To do:
Leaving out the pictures, return word for word the stretch of entries below from the line holding "K-UTEC AG Salt Technologies" through the line holding "Alberto Valls, Ismael".

Material shown:
*** Block opens ***

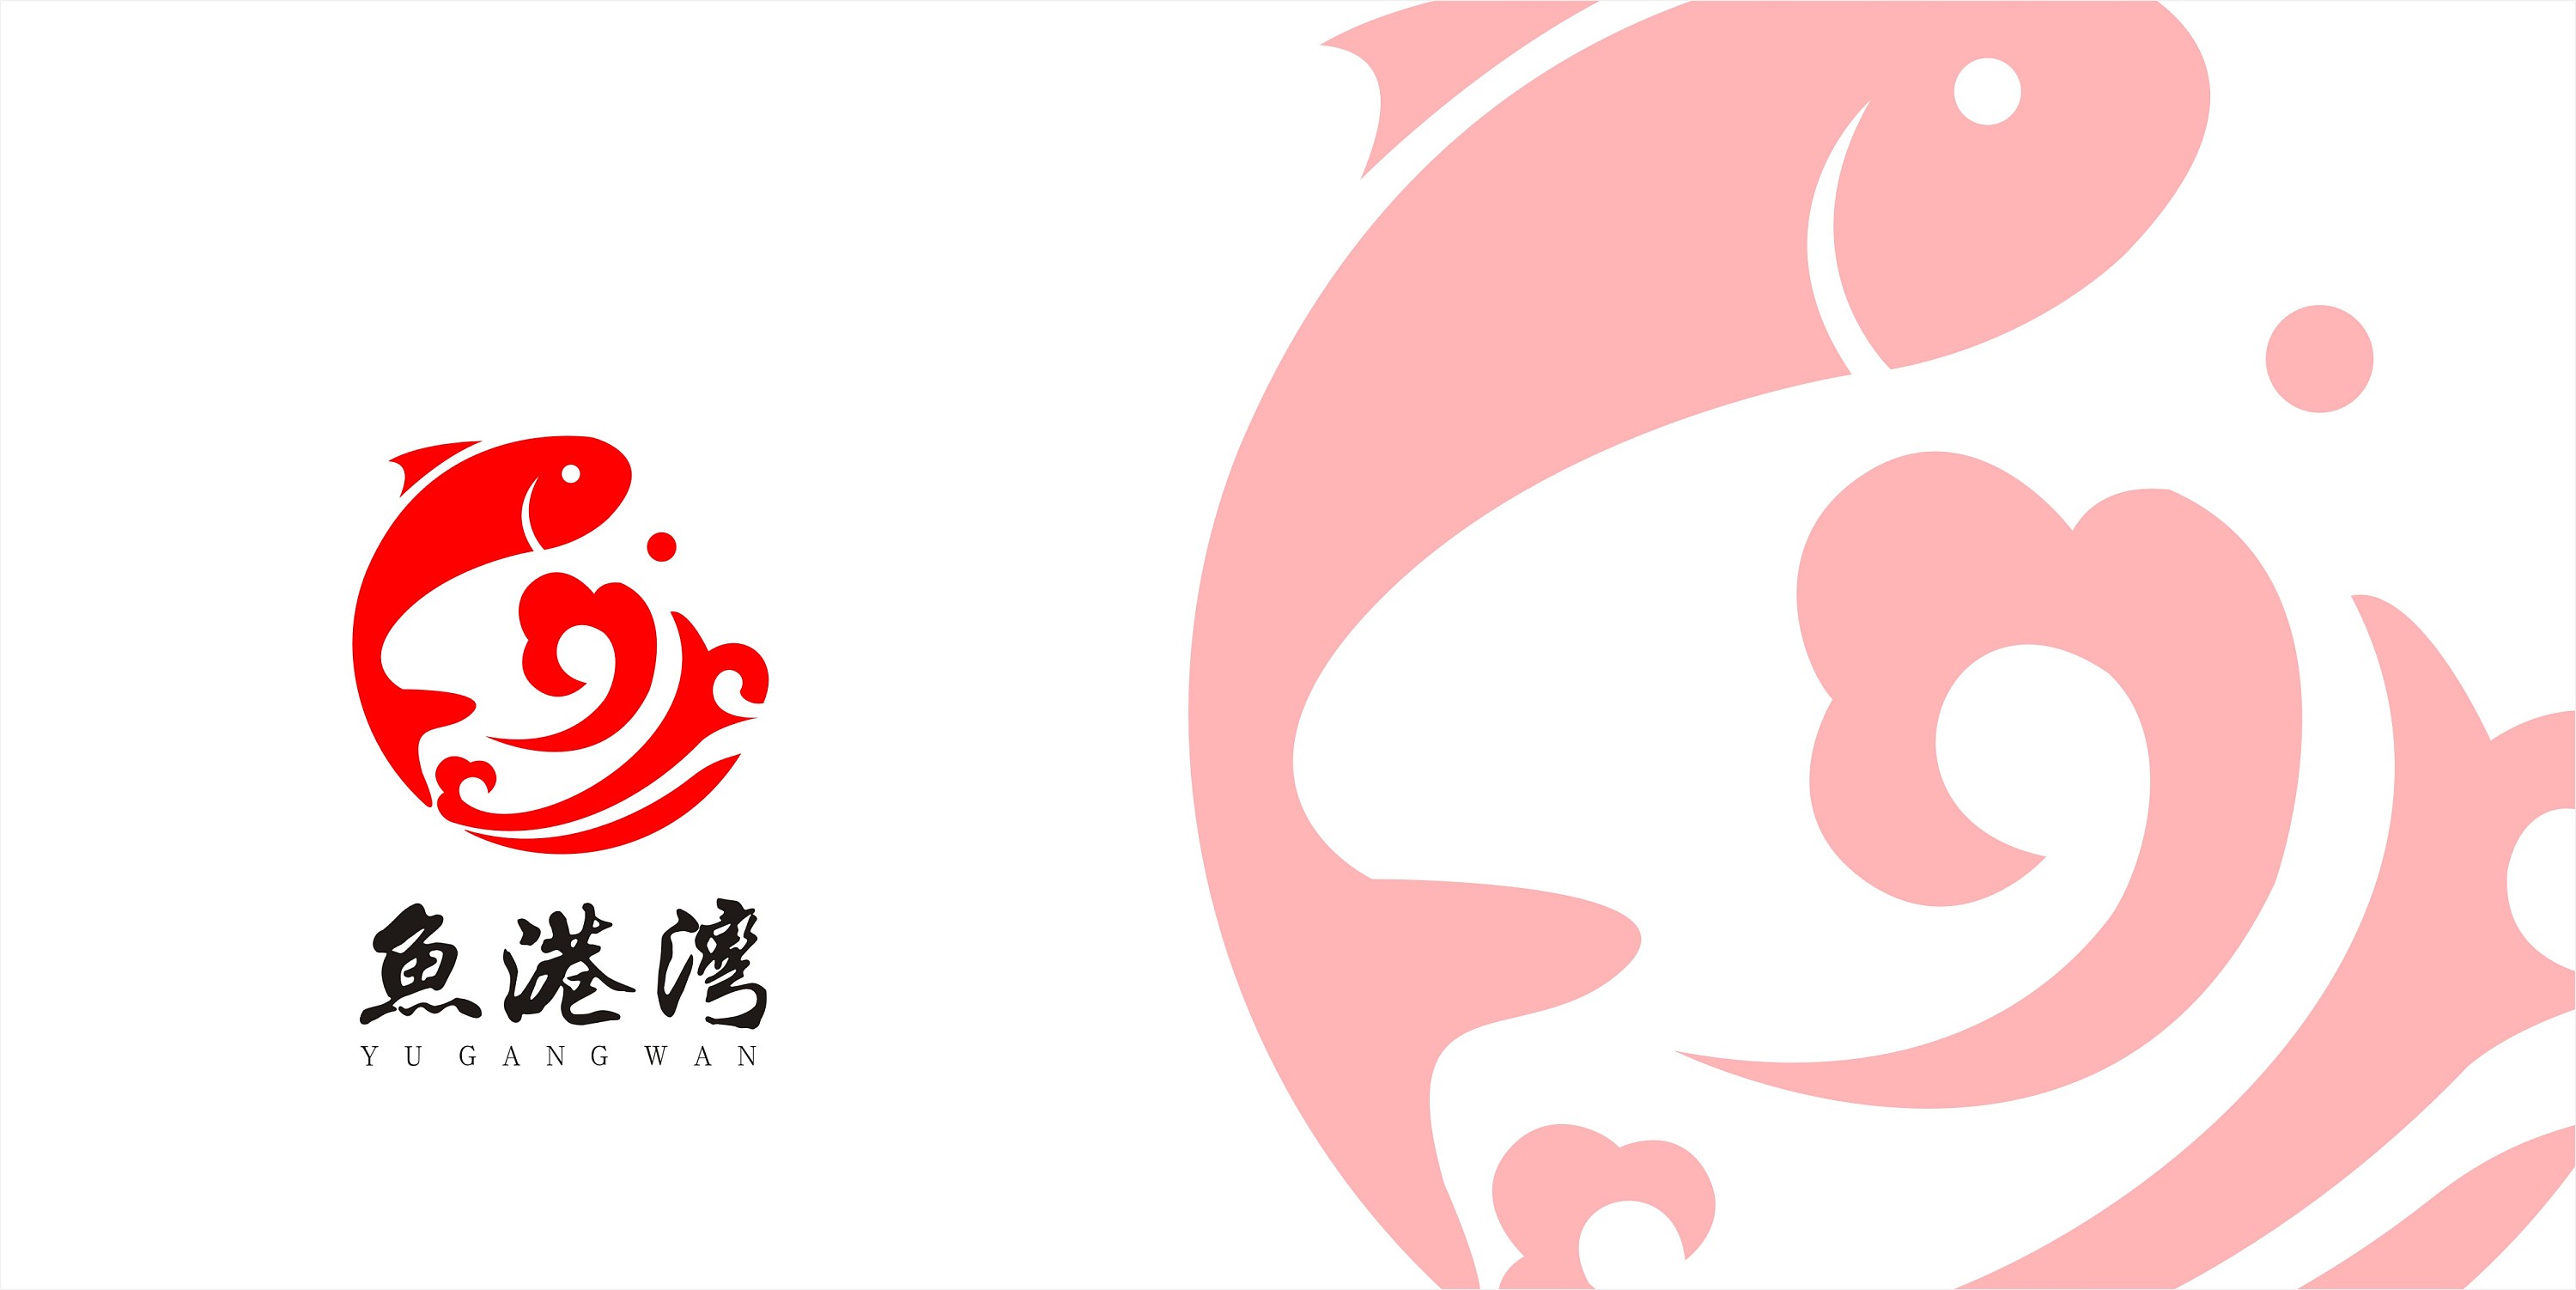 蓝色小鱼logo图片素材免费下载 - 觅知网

*** Block closes ***
*** Block opens ***

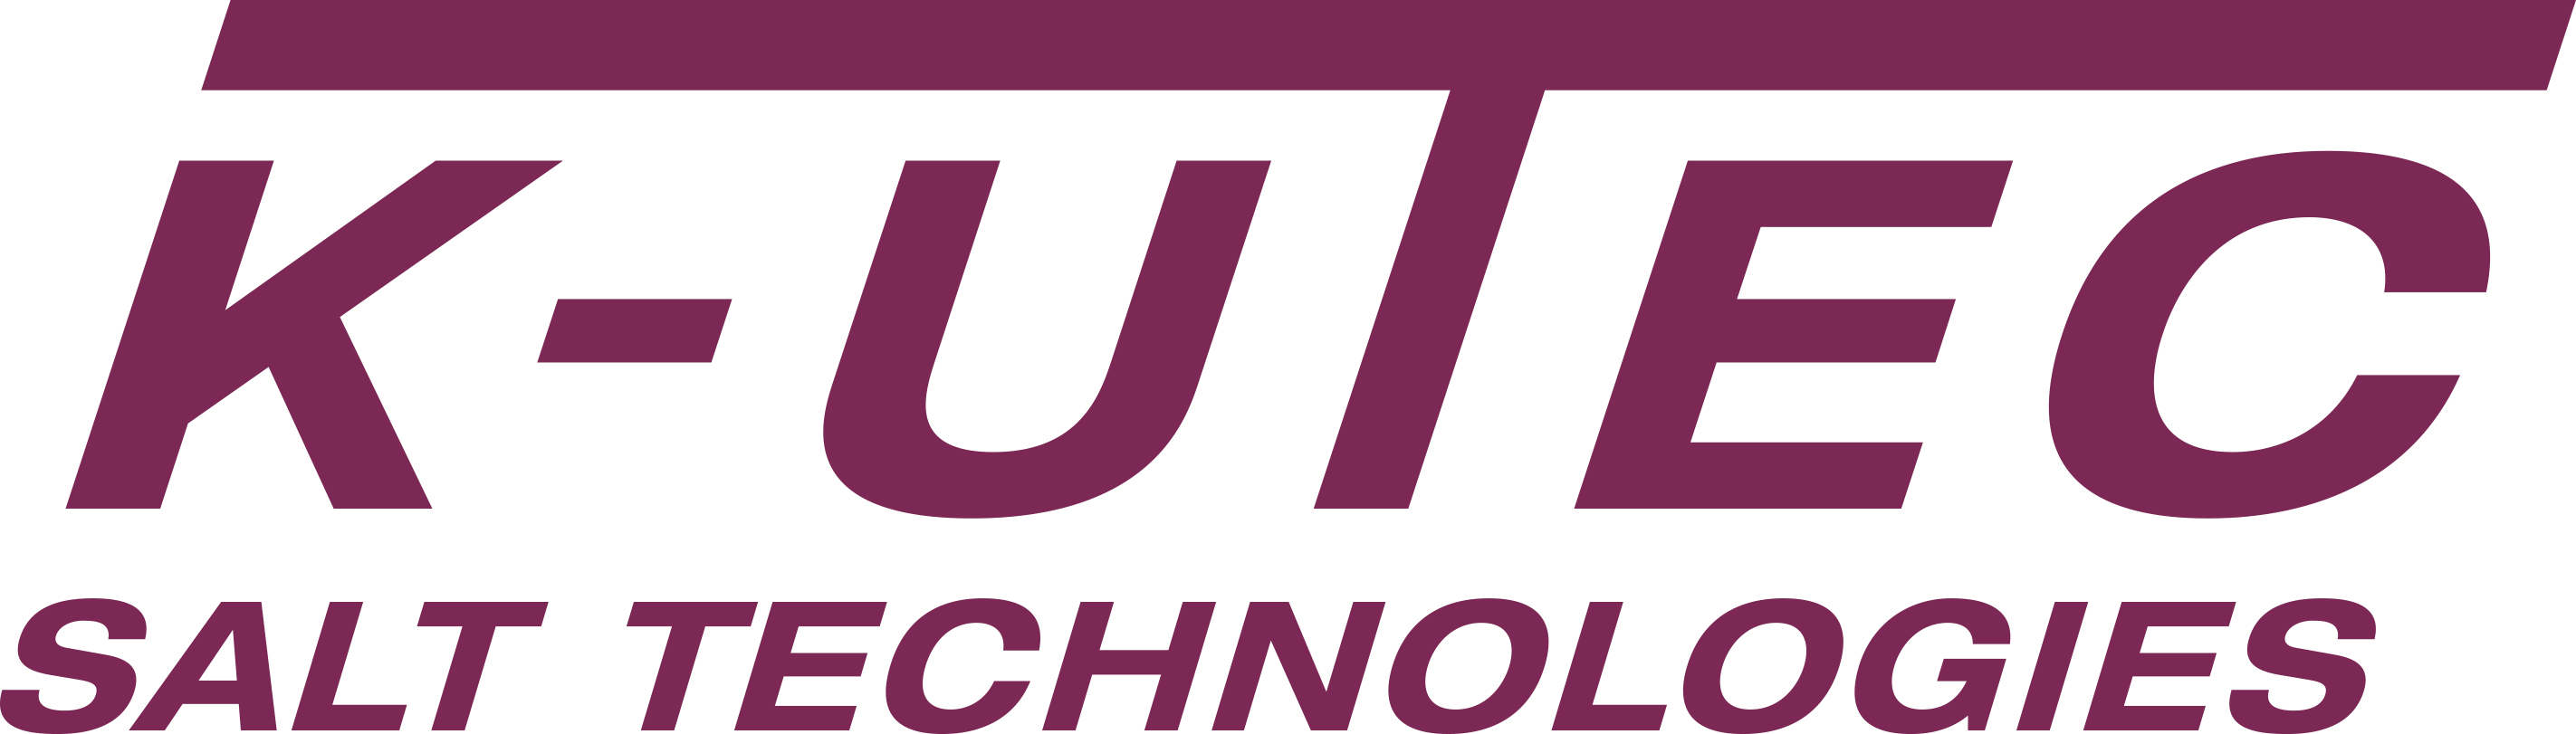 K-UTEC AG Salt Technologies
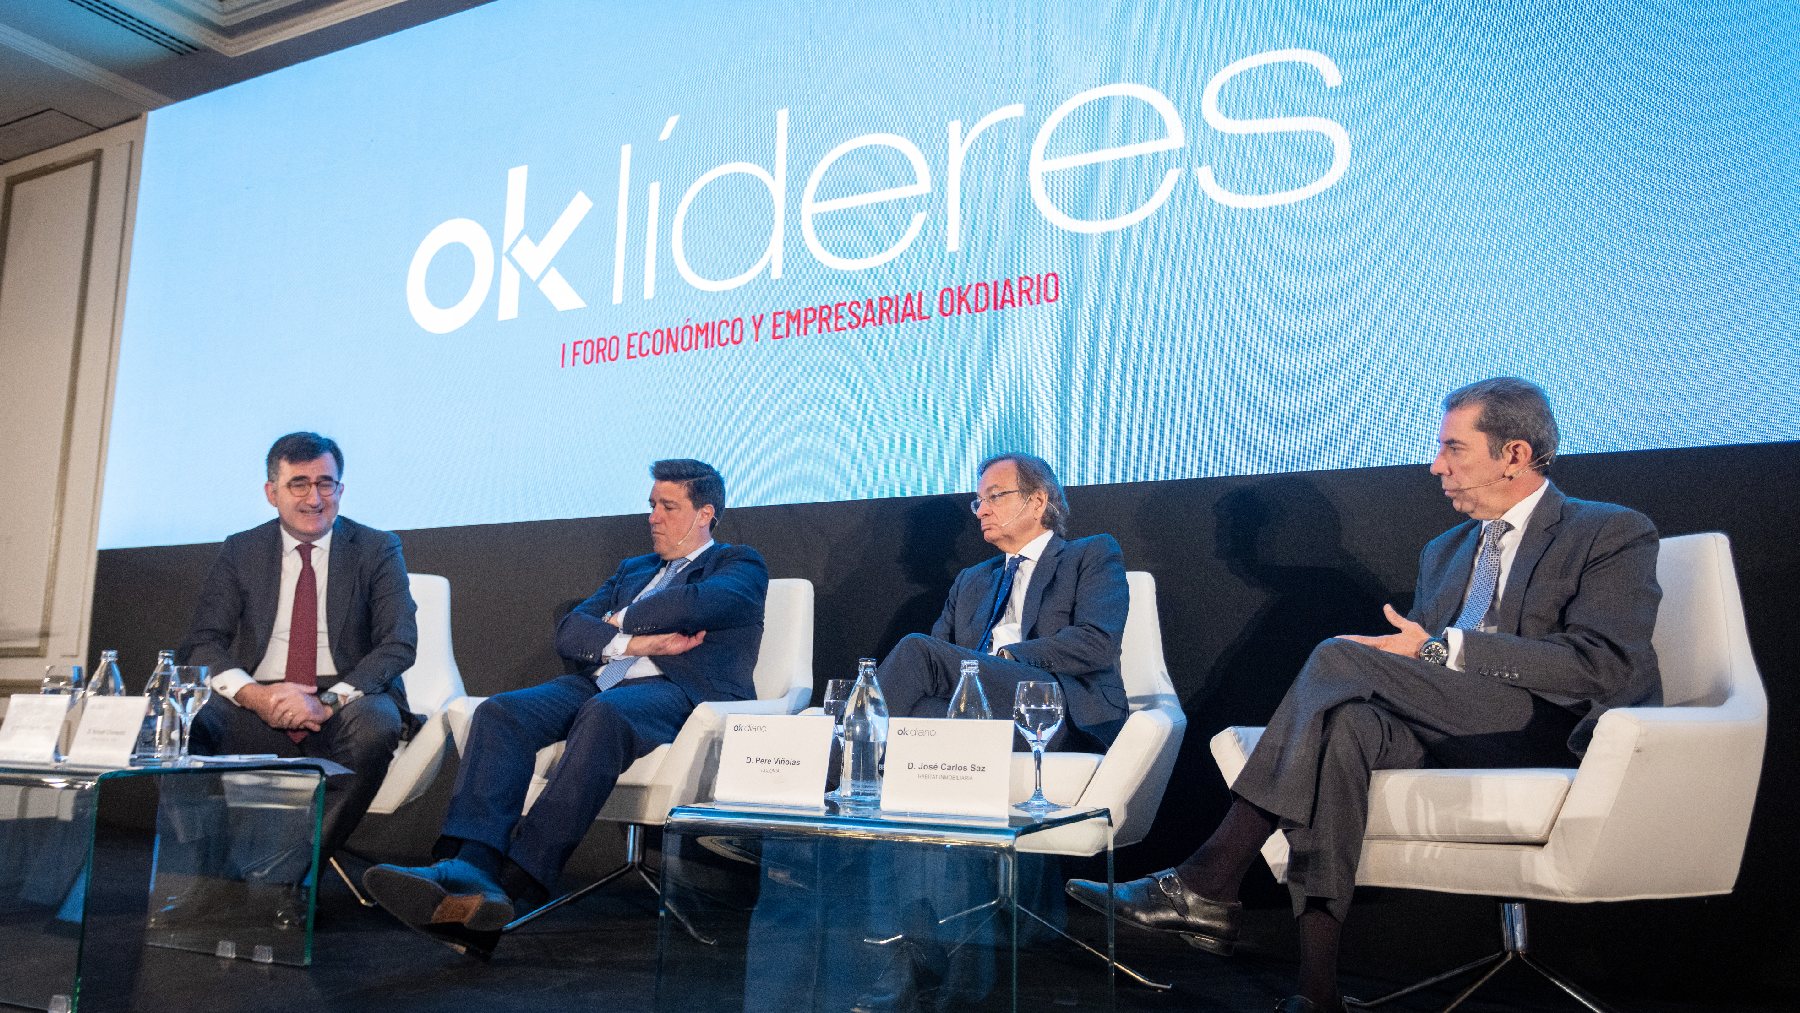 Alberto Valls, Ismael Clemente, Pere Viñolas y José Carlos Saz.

*** Block closes ***

Result of the task:
 K-UTEC AG Salt Technologies
 Alberto Valls, Ismael Clemente, Pere Viñolas y José Carlos Saz.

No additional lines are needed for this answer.